Analytical skills are increasingly becoming essential for B2B salespeople as they help improve sales performance. Analytical skills in salespeople work in two ways. First, they give salespersons a better understanding of customers and their needs, giving them an insight into the right customised solutions. They also help salespersons manage their territory and pipeline more smartly. Therefore, B2B firms can benefit from hiring salespersons with higher analytical skills and training their current salesforce to develop these skills.

The advent of technology, increasing product complexity, and an explosion of information in the marketplace have significantly changed the B2B market in recent times. . In this context, a salesperson’s role is bound to change.

B2B salespersons now enter the sales process at a later stage, when buyers already have substantial product information and are required to provide more customised solutions. In this changing scenario, businesses must hire salespersons with the right skills. Besides traditionally valuable sales skills like listening and follow-up, many employers now seek analytical skills. As a result, analytical skills are the second-most in-demand skills for B2B salespeople on LinkedIn. A study examines the rising importance of salesperson analytical skills to answer the question: How necessary are salesperson analytical skills in B2B sales?

The study found that analytical skills are critical in B2B selling in the current environment. It

defines a salesperson’s analytical skills as the ability to acquire, assimilate, evaluate, and apply customer data. The study found that the same level of selling effort results in higher sales performance among salespersons with higher analytical skills compared to salespeople with low analytical skills.

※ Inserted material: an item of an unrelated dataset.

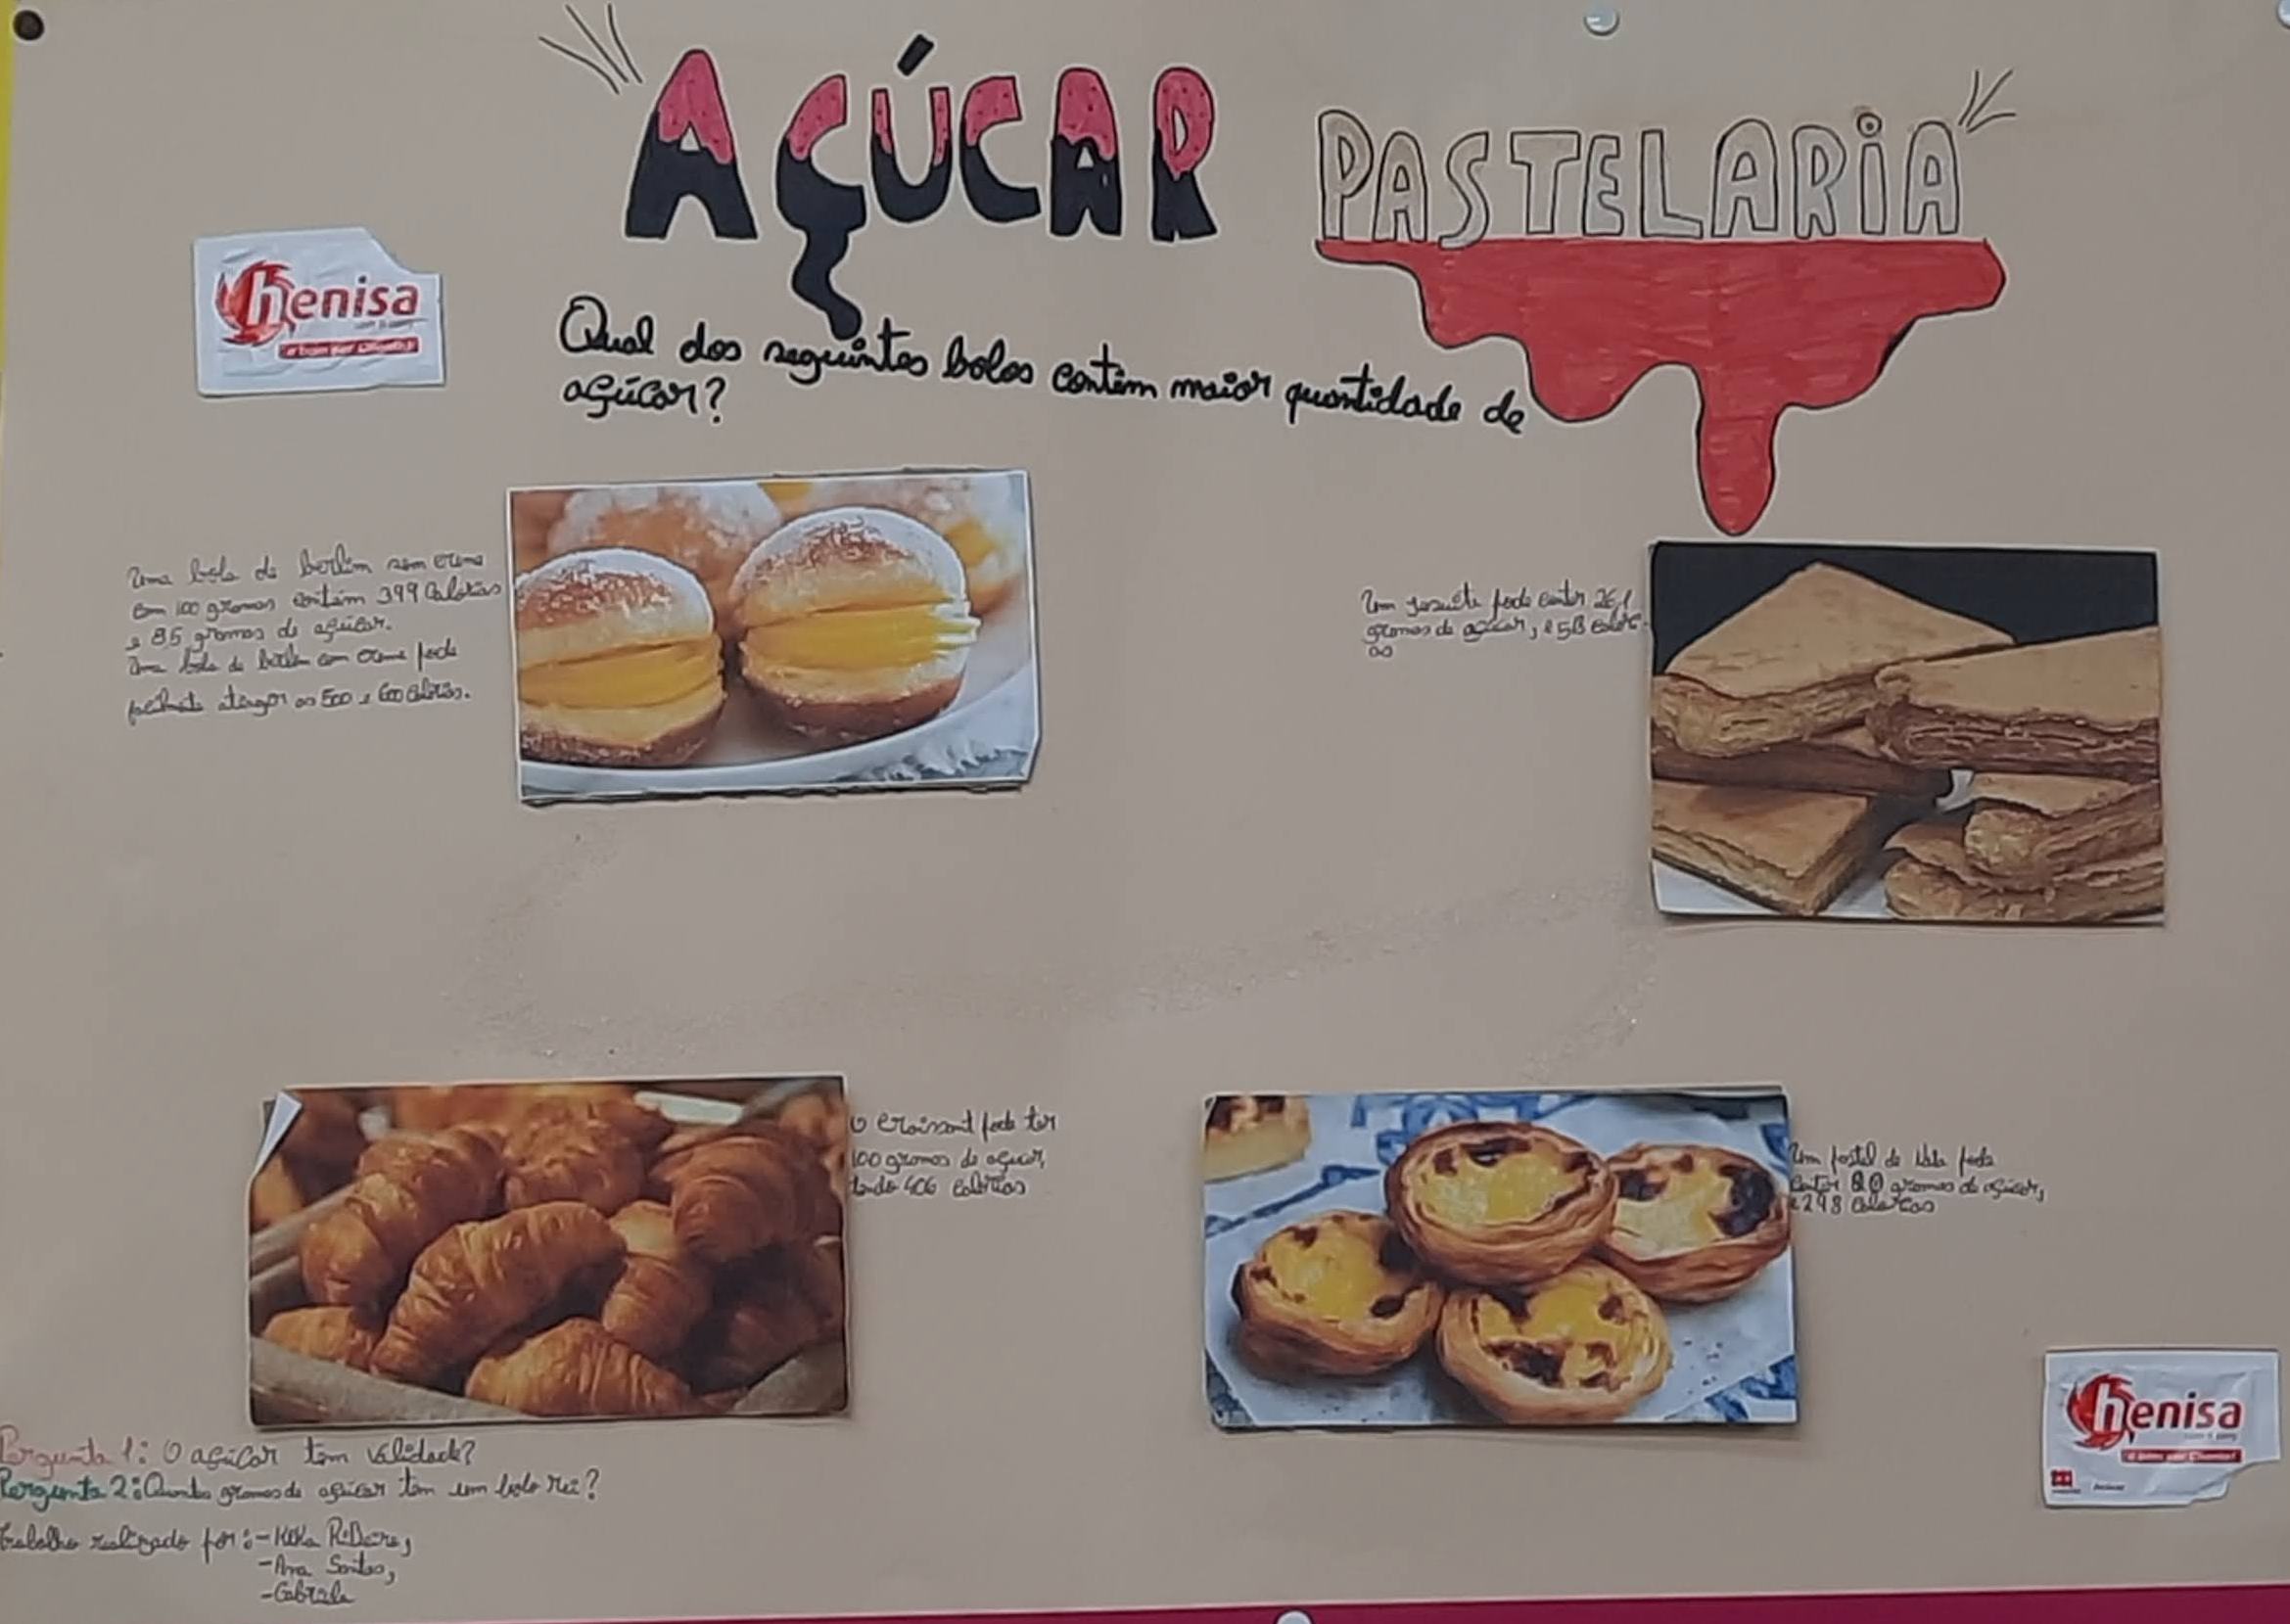 Cartaz 4 - Açúcar/ Pastelaria

Moreover, as a salesperson’s role changes beyond direct selling responsibilities, the relationship between analytical skills and sales performance becomes stronger.

Analytical skills help salespersons in two ways. First, they help salespersons gain a deeper understanding of the customer and their needs. It allows them to understand their business

model, industry-specific challenges, and dynamics. This understanding becomes key to delivering a customised solution to the customer’s needs and adding value to them. It enables salespersons to move beyond merely selling products and sell solutions based on customer insights. In a time when technology supplies customers with the same information about products that salespersons traditionally provide, providing solutions can give a salesperson an edge over competitors.

In addition to providing deeper customer insights, analytical skills help salespersons improve their pipeline and territory management. They can identify which activities within their

pipeline would be most beneficial and which customers they should focus on the most for the best results. Streamlining pipeline and territory management reduces wastage of time on less profitable activities, optimising their use of limited selling time. Moreover, analytical abilities help salespersons with account planning and forecasting by analysing sales quotas, territory mapping, and time management. Salespersons with analytical skills are also better equipped to utilise the insights from CRM tools.

The study has relevant insights for B2B firms. Since analytical skills are specific, observable

behaviours (as opposed to internalised constructs like intelligence or personality), they can be monitored. For example, it involves asking specific questions when communicating with customers to gain insights or developing solutions onsite during customer meetings to develop a business case and get customer buy-in. Firms can focus on identifying these behaviours when hiring salespersons. More importantly, specific behaviours and analytical skills can be developed in salespersons through proper training and coaching. Firms that invest in such training for their salespersons can benefit from their improved sales performance.